A self-driven ice-resurfacing device for resurfacing an ice rink is disclosed. The device is comprised of several individual components contained within an exterior housing. The housing extends a width, a length, and a height of the device to enclose the components. These components operate in combination to provide an efficient and effective ice resurfacing by brushing the ice, scraping the ice, heating collected ice shavings to reduce bulk and recycle the ice shavings, filtering the heated ice shavings, and depositing this filtered, heated, and recycled water back onto the ice surface at a smooth and consistent rate of flow.
To accomplish this process, these several systems are powered by a motor and a fuel source.
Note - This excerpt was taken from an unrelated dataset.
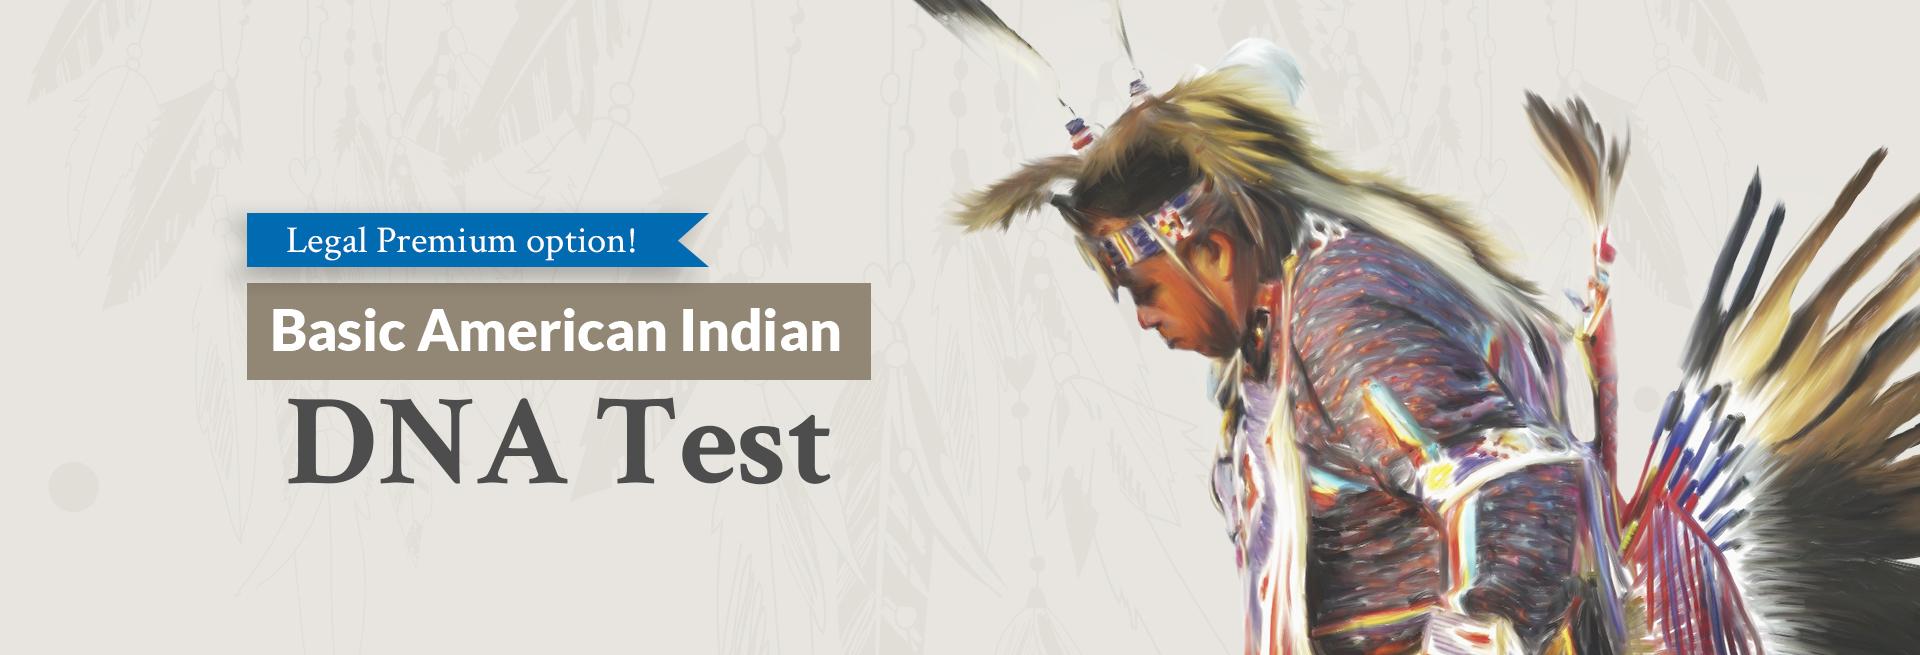 basic-American-Indian-dna-test

The fuel source is preferably electric in the form of a battery or batteries, although the fuel source could be any standard low emissions fuel such as propane, natural gas, hydrogen, or even provided by plugging into a standard electric household current.
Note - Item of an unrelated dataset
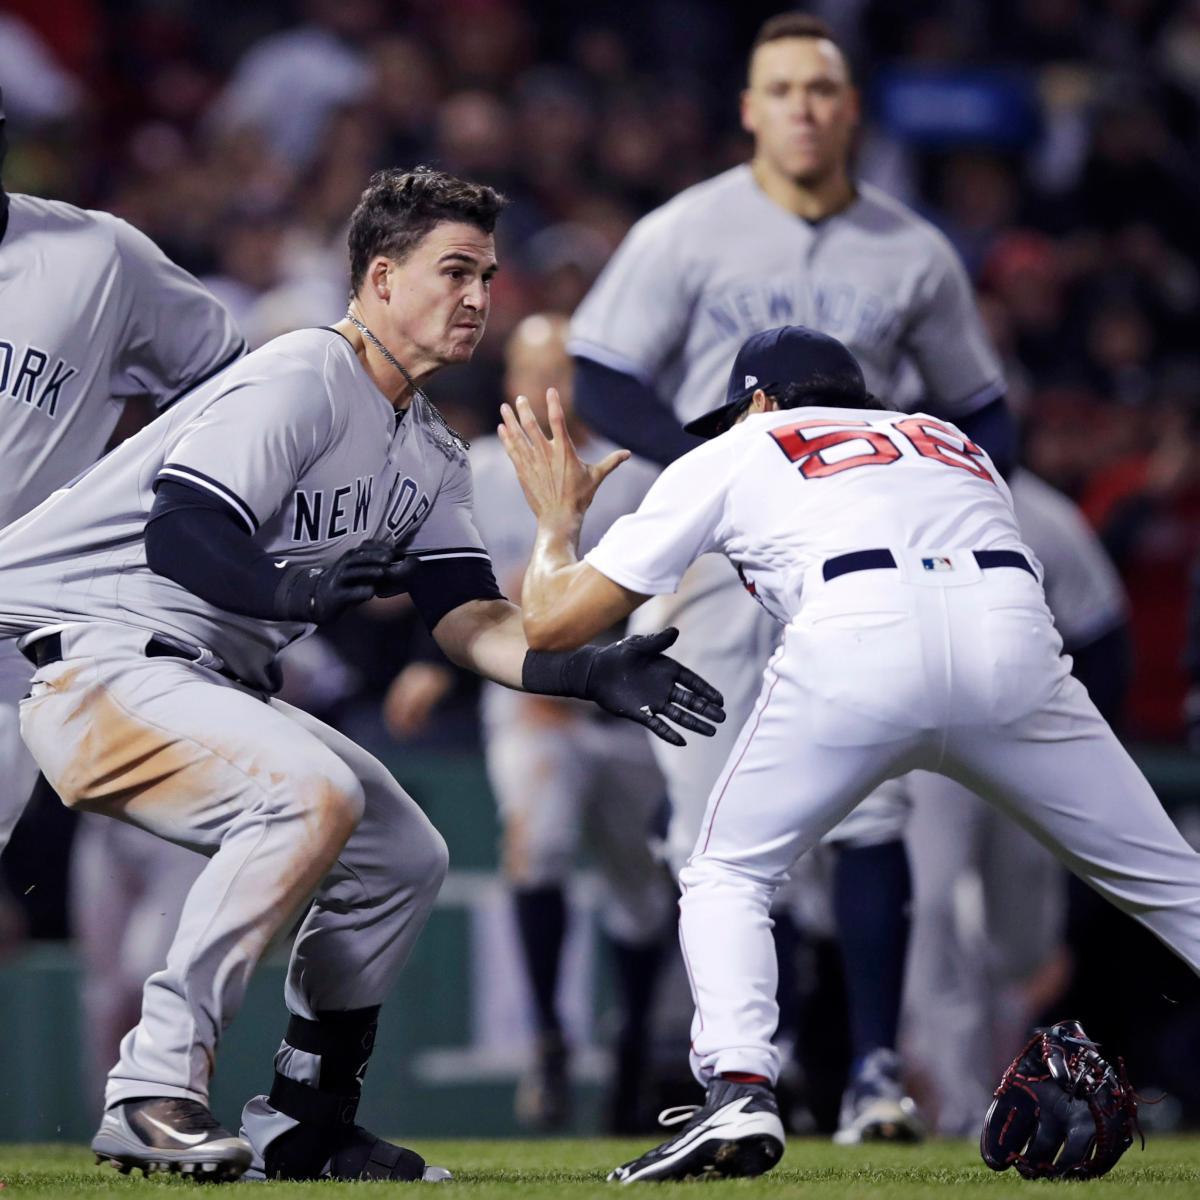 Joe Kelly Suspended 5 Games, Tyler Austin 6 for Red Sox vs. Yankees Brawl

This fuel source and motor will power all of the systems of the device. The major mechanical systems of the device will be a brush, drive wheels, heating elements, water pump, navigation controls, and watering unit. In addition to the mechanical systems, the device includes a blade, a water filter unit, and a pair of water storage tanks; one containing warm water and one containing hot water.
The device is movable across and onto the ice surface via the drive wheels. In the preferred embodiment of the present invention, at least three drive wheels are movable and powered by the motor. Although the motor is preferred, it is anticipated that the wheels could be powered by individual motors or a rotary motor located within a hub of the wheels. Preferably, the wheels are located near a rear of the device and below the water storage tanks and to support the weight of the device and equally spaced across the width of the device. The wheels may include studded tires to provide traction to the device as it navigates the ice surface.
A front of the device will include the brush. The brush is cylindrical and rotates in clockwise direction along a width of the device. The brush includes a plurality of stiff bristles to contact the ice surface and sweep snow off of the ice and to move it towards the water storage tanks rear of the device.
The blade is located adjacent to the brush opposite the front of the device and includes a leading edge to scrape the ice surface. The blade is mounted in an angular fashion to be in frictional communication with the ice surface to shave and scrape worn ice. The depth of the blade can be adjusted to cut deeper into the ice surface.
The blade is mounted on the warm water tank. The warm water tank has an exterior with an angular shape in line with the leading edge of the blade and aligned with the brush, wherein the angular shape acts as a modified incline plane to move snow off of the ice surface and into the hot water tank. The hot water tank is positioned adjacent and on top of the warm water tank and includes an opening to receive ice shavings. The warm water tank contains water to be placed onto the ice surface for resurfacing. In the preferred embodiment of the present invention, the warm water tank will have a capacity of approximately ninety-one (91) gallons and maintains water at a temperature of one hundred-sixty degrees Fahrenheit (160° F.). A thermostat and a water heater maintain this preferred temperature.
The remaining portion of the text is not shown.